### Description of the task
Send back the data below exactly. Drop every picture.

------ Stored data ------

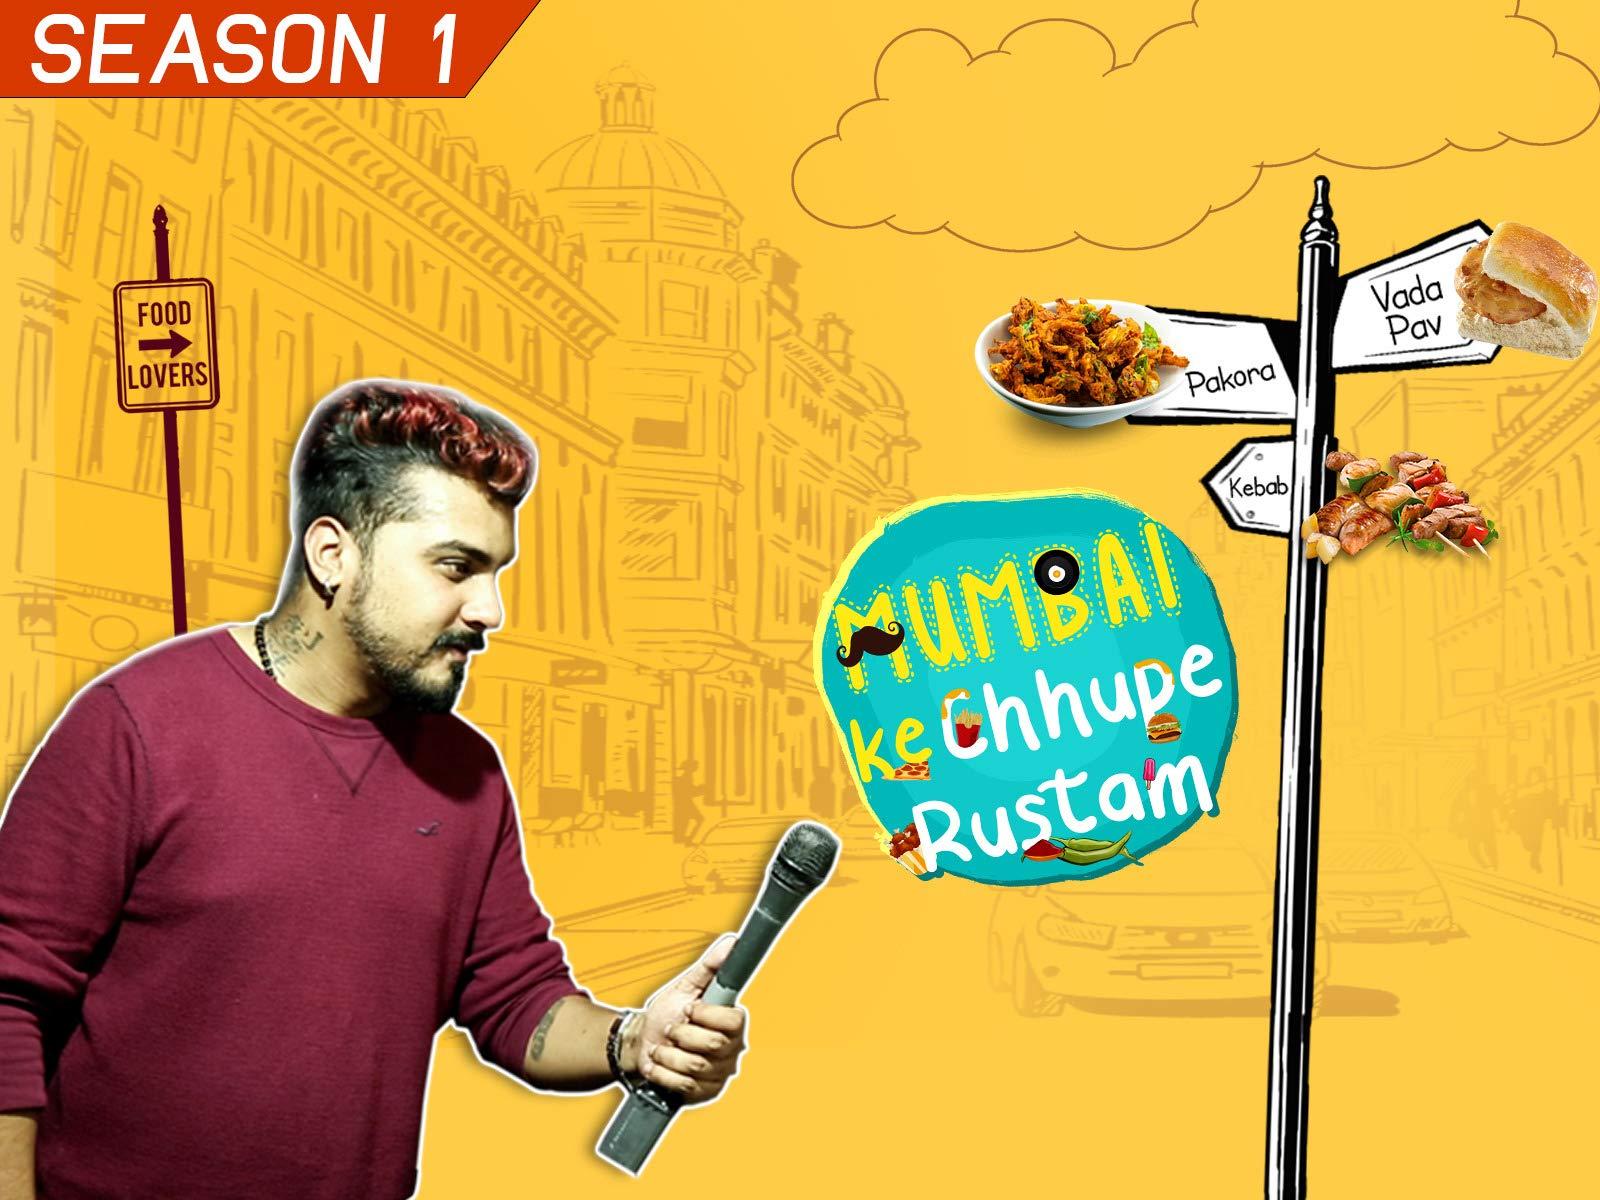 Clip: Mumbai Ke Chhupe Rustam - Season 1
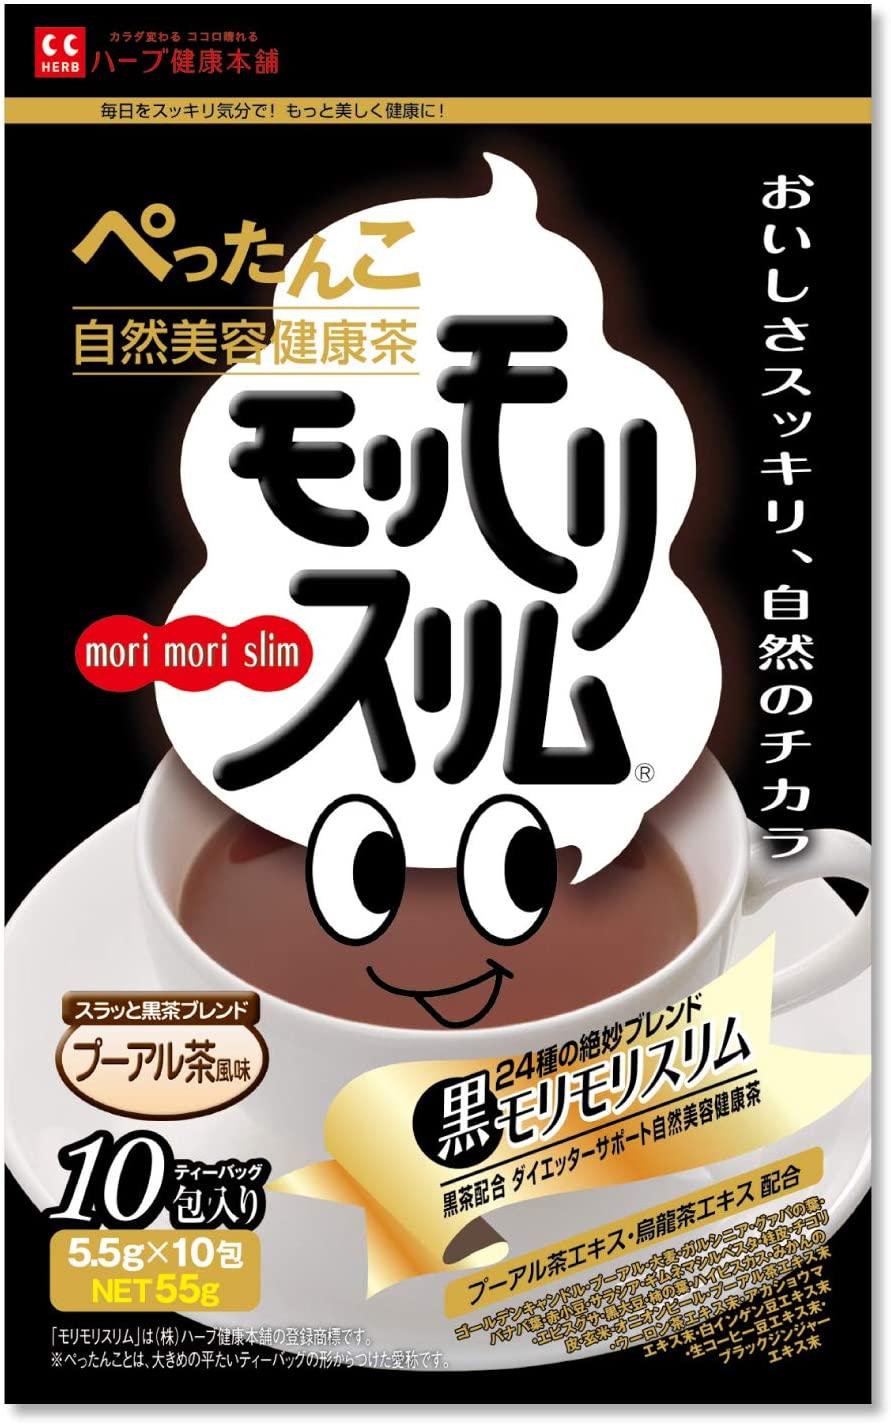 健康食品 サプリメント 格安 モリモリスリム 激安通販ショッピング ダイエットサプリ 黒モリモリスリム茶 5.5gx10包 割引不可品 ハーブ健康本舗
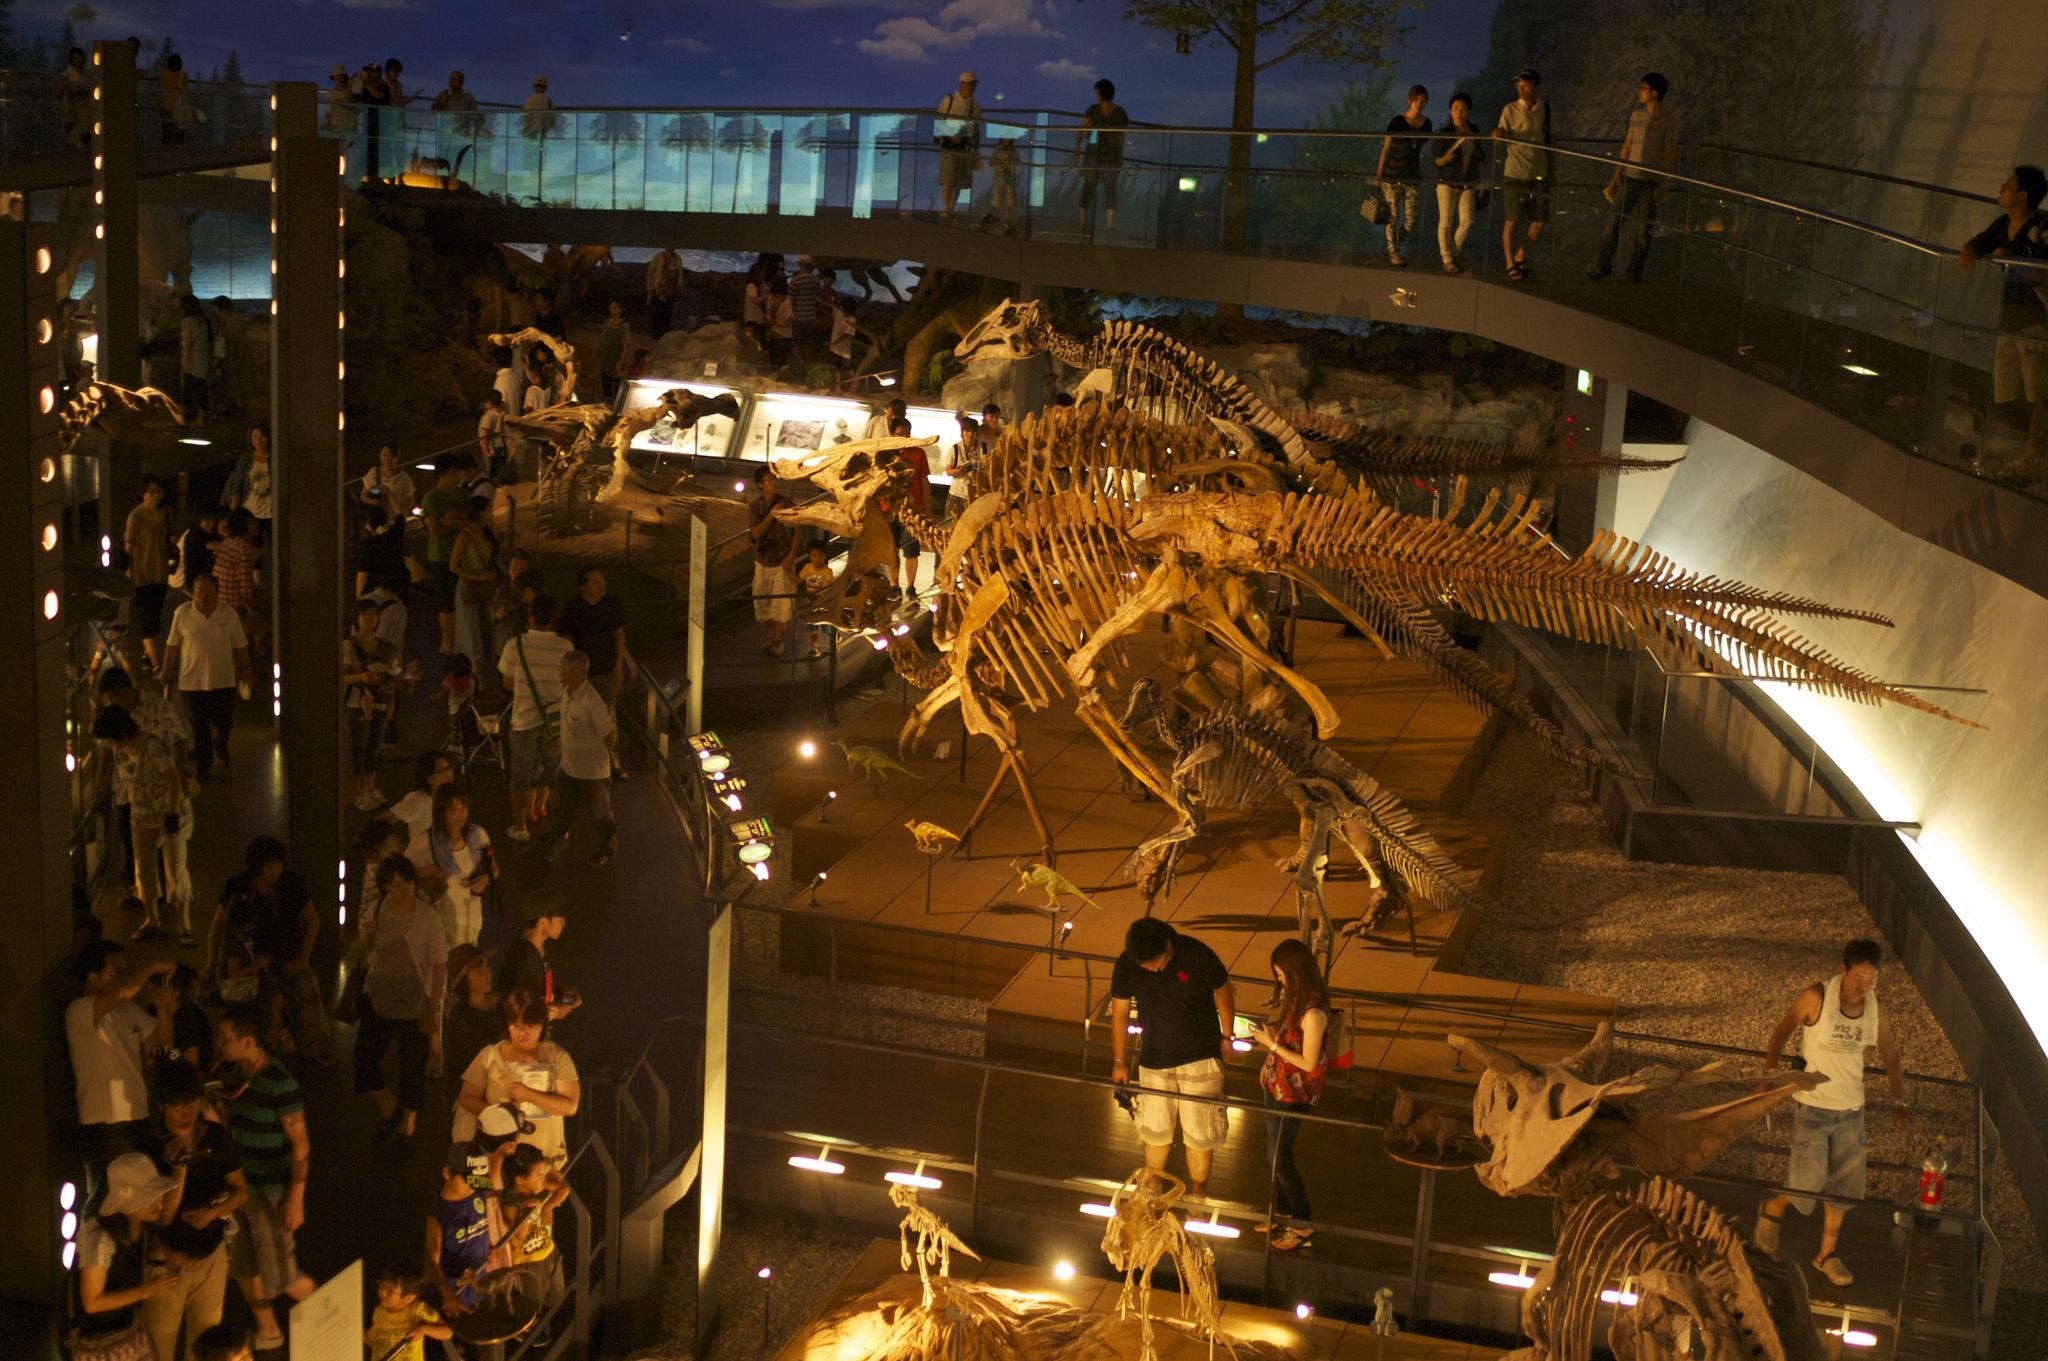 関西・九州地方のおすすめ恐竜博物館12選!大迫力の化石展示! 関連記事 関連するキーワードmomo

------

### Answer for the task
 Clip: Mumbai Ke Chhupe Rustam - Season 1
 健康食品 サプリメント 格安 モリモリスリム 激安通販ショッピング ダイエットサプリ 黒モリモリスリム茶 5.5gx10包 割引不可品 ハーブ健康本舗
 関西・九州地方のおすすめ恐竜博物館12選!大迫力の化石展示! 関連記事 関連するキーワードmomo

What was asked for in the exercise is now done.